In R(PLP) v. Lord Chancellor  1 WLR 251, Moses LJ giving the only reasoned judgment observed at paragraph 87:-
“Nor has it proved necessary to consider the proposed application form to apply for exceptional funding under Section 10. Mr Eadie, on behalf of the Lord Chancellor, accepted that it was far too complicated and needs simplification and revision if it was going to be of any assistance to residents, let alone a foreigner”.
It is said by Mr Chamberlain that the transcript does not show that Mr Eadie did make that concession. But whether or not he did is not material since the observations were based on the court’s knowledge of the forms.

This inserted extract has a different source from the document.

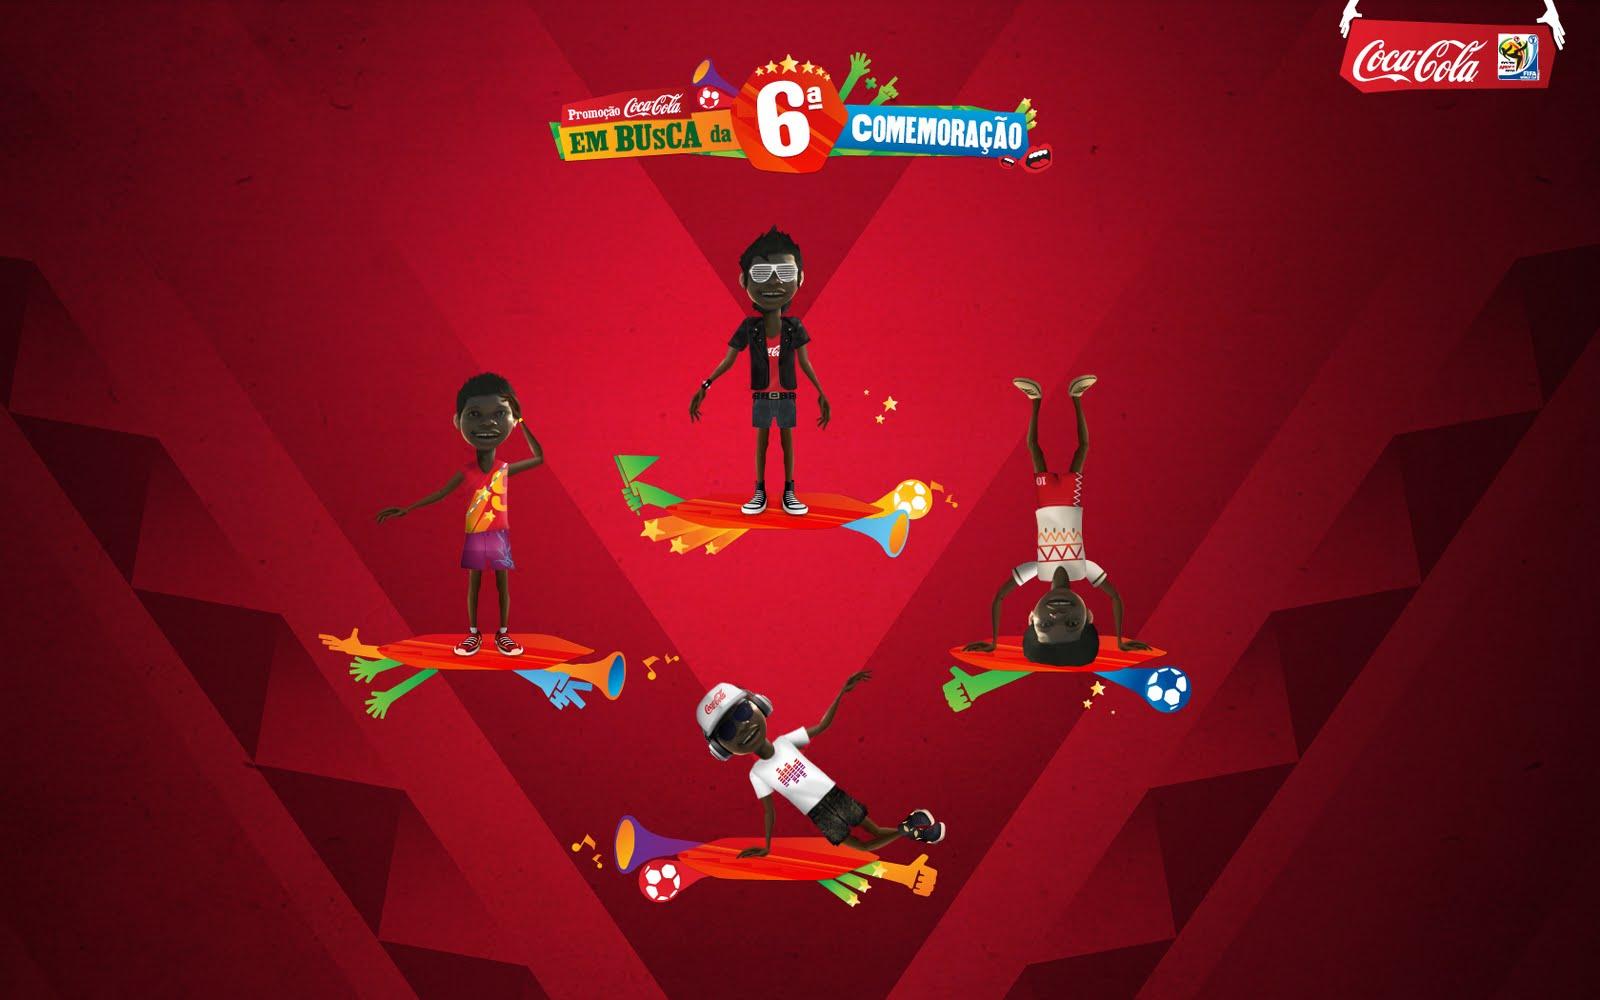 http://1.bp.blogspot.com/_fCJhxlYZpRg/TBxjkZXJKmI/AAAAAAAACUc/mmKkPWZNe5M/s1600/Wallpaper+Coca-Cola+Copa+do+Mundo+6.jpg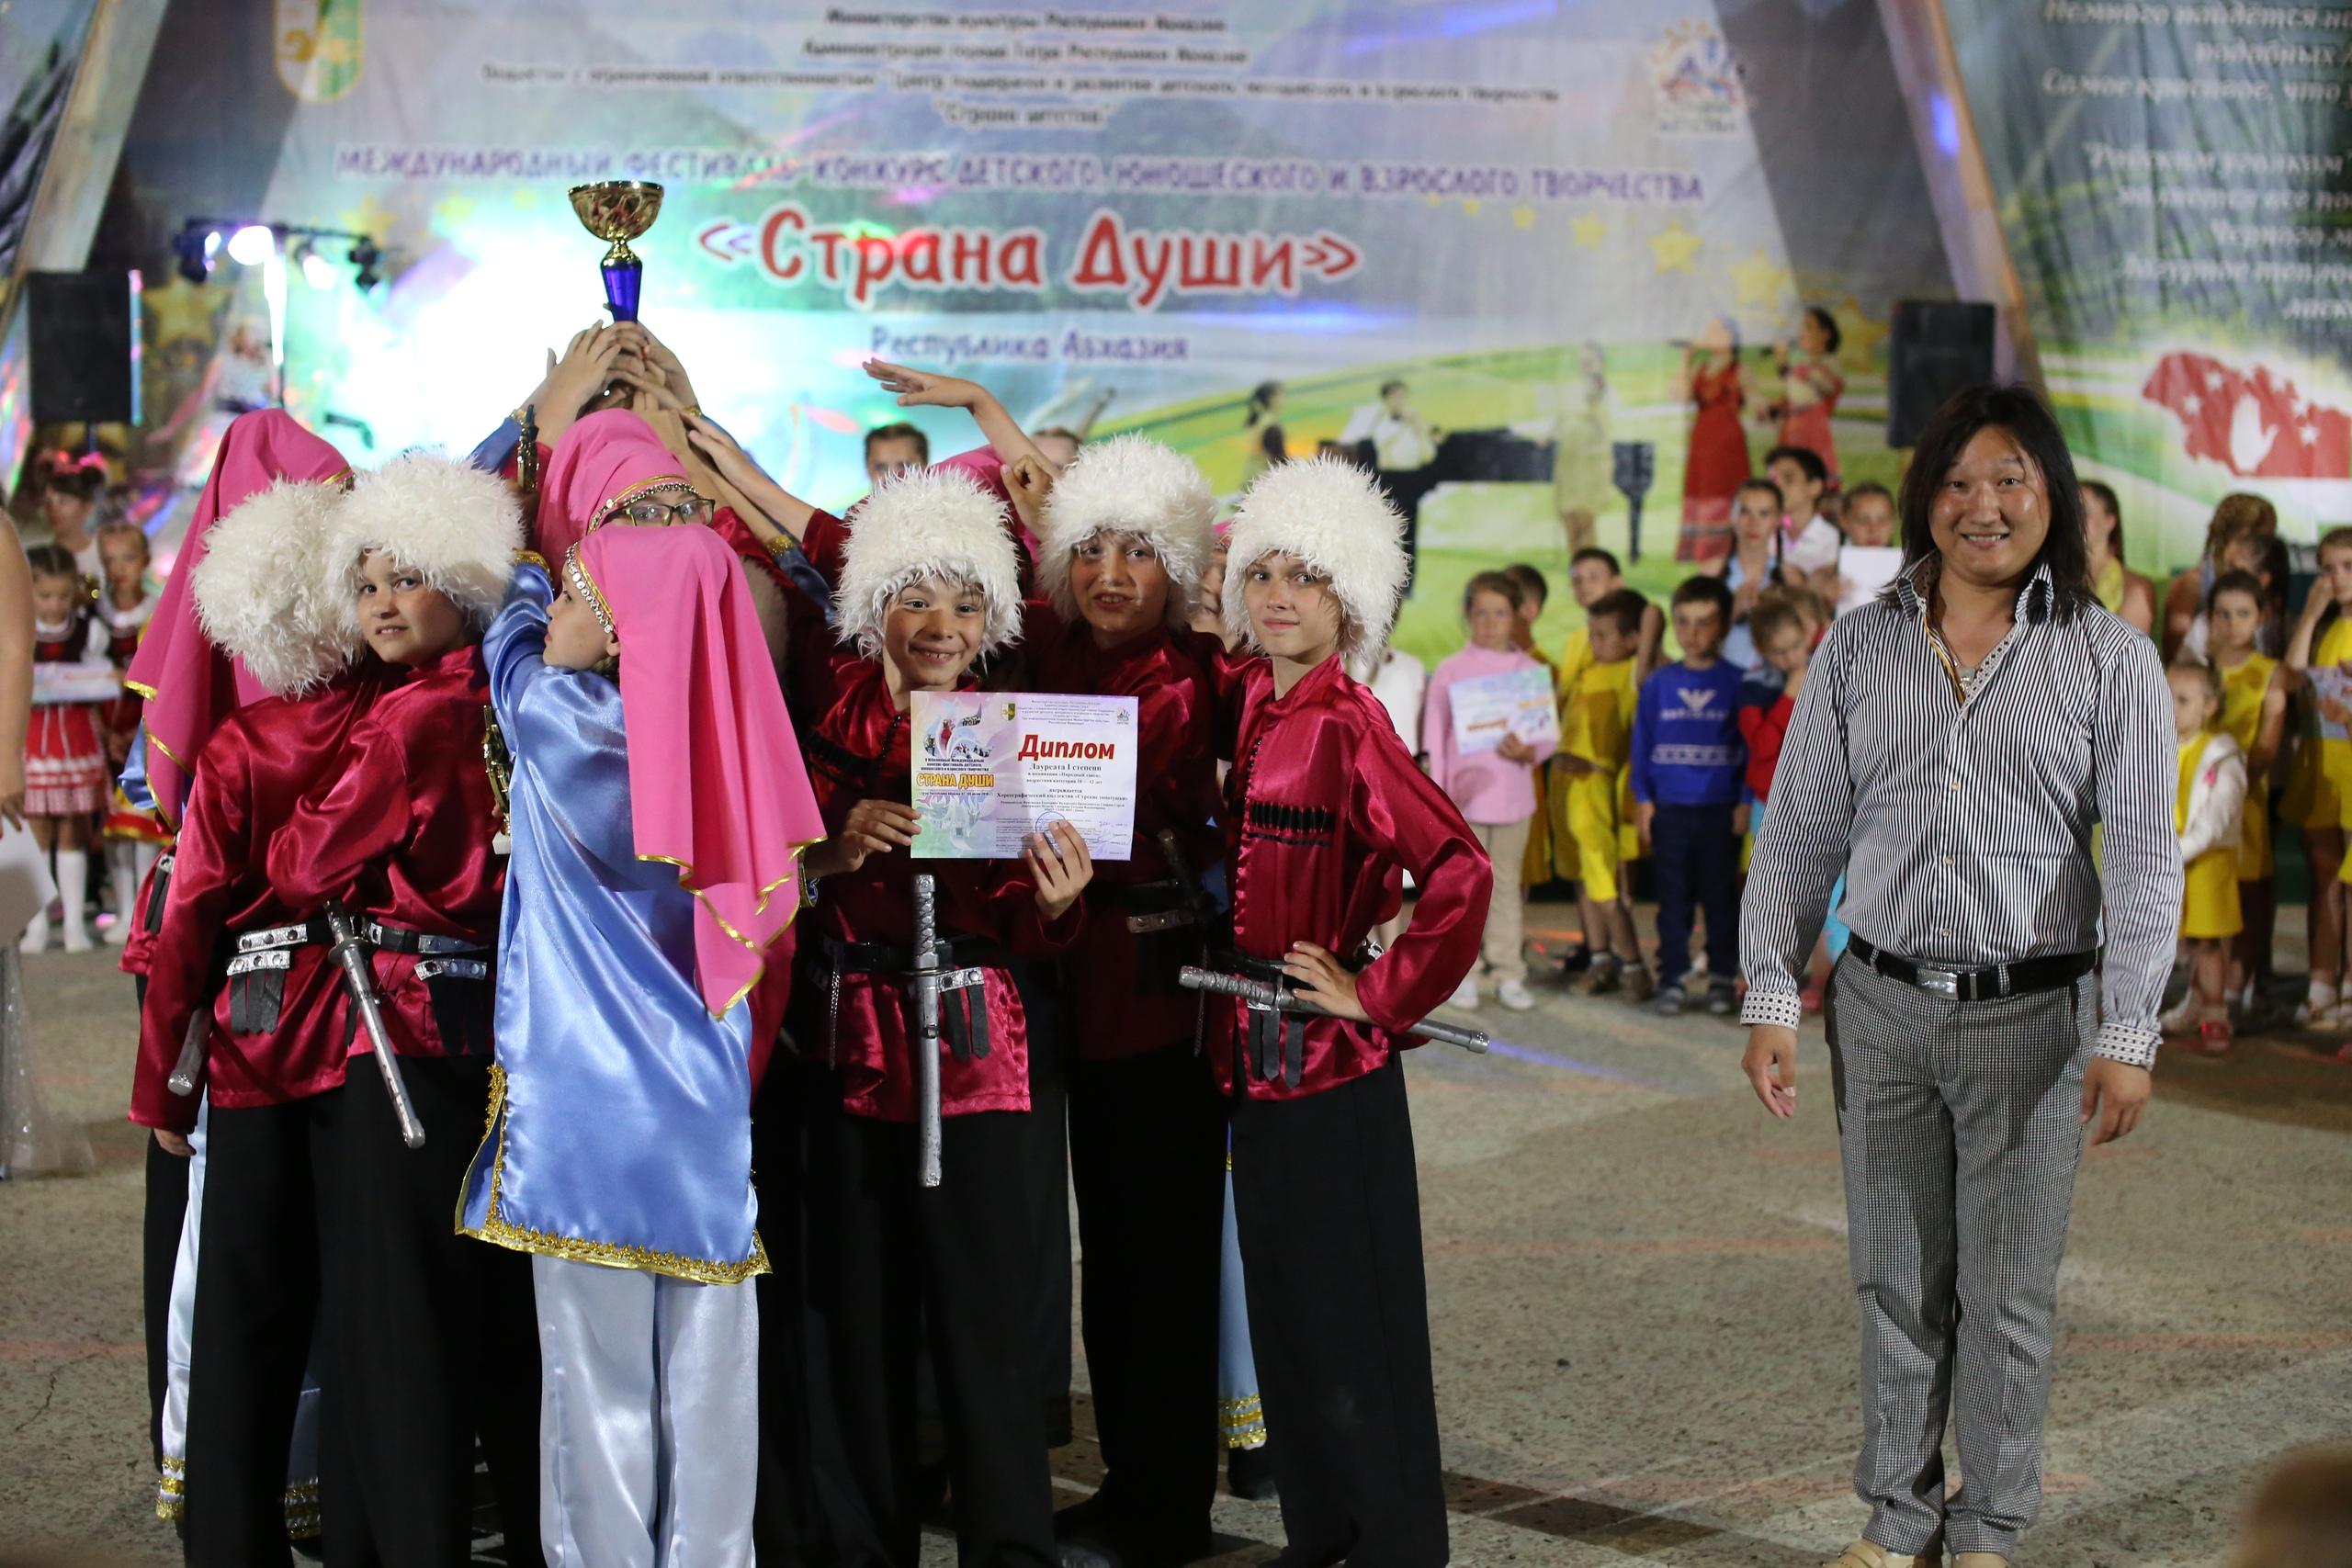 Вот и завершился первый заезд V Юбилейного Международного фестиваля-конкурса детского, юношеского и взрослого творчества «Страна души»

Furthermore, it is accepted as is inevitable that the forms are indeed far too complicated for lay persons to complete.
The ECF application form commences with a requirement, following regulation 67 of the Procedure Regulations, to specify whether Licensed or Special Case Work on the one hand or Controlled Work Services were required. If the former, a form CIV App 1 (for non-family work) or CIV App 3 (for family work) had to be submitted in addition. If the latter, a different form is required. Licensed Work is defined in regulation 29(2) to mean:-
“….the provision of any of the following forms of civil legal services –
(a) family help (higher); or
(b) legal representation that is not Controlled Work or Special Case Work”
Special Case Work is defined by regulation 2 to mean “Civil Legal services provided under an individual case contract in the circumstances described in regulation 54(3).” Essentially, this covers cases in which costs are expected to exceed £25,000 or cases which have wide public interest or, for example, are going to the Supreme Court. Controlled Work is defined in regulation 21(2). It is likely to be a common form of work applied for since it covers “any of the following forms of legal services –
(e) legal representation for proceedings in [four specified tribunals].”
These are first-tier Mental Health tribunals in England and Wales and both the first tier and upper tier tribunals dealing with immigration and asylum cases. Thus the legal representation applications which are for Licensed work cover representation in courts and all tribunals not mentioned in regulation 21(2)(e).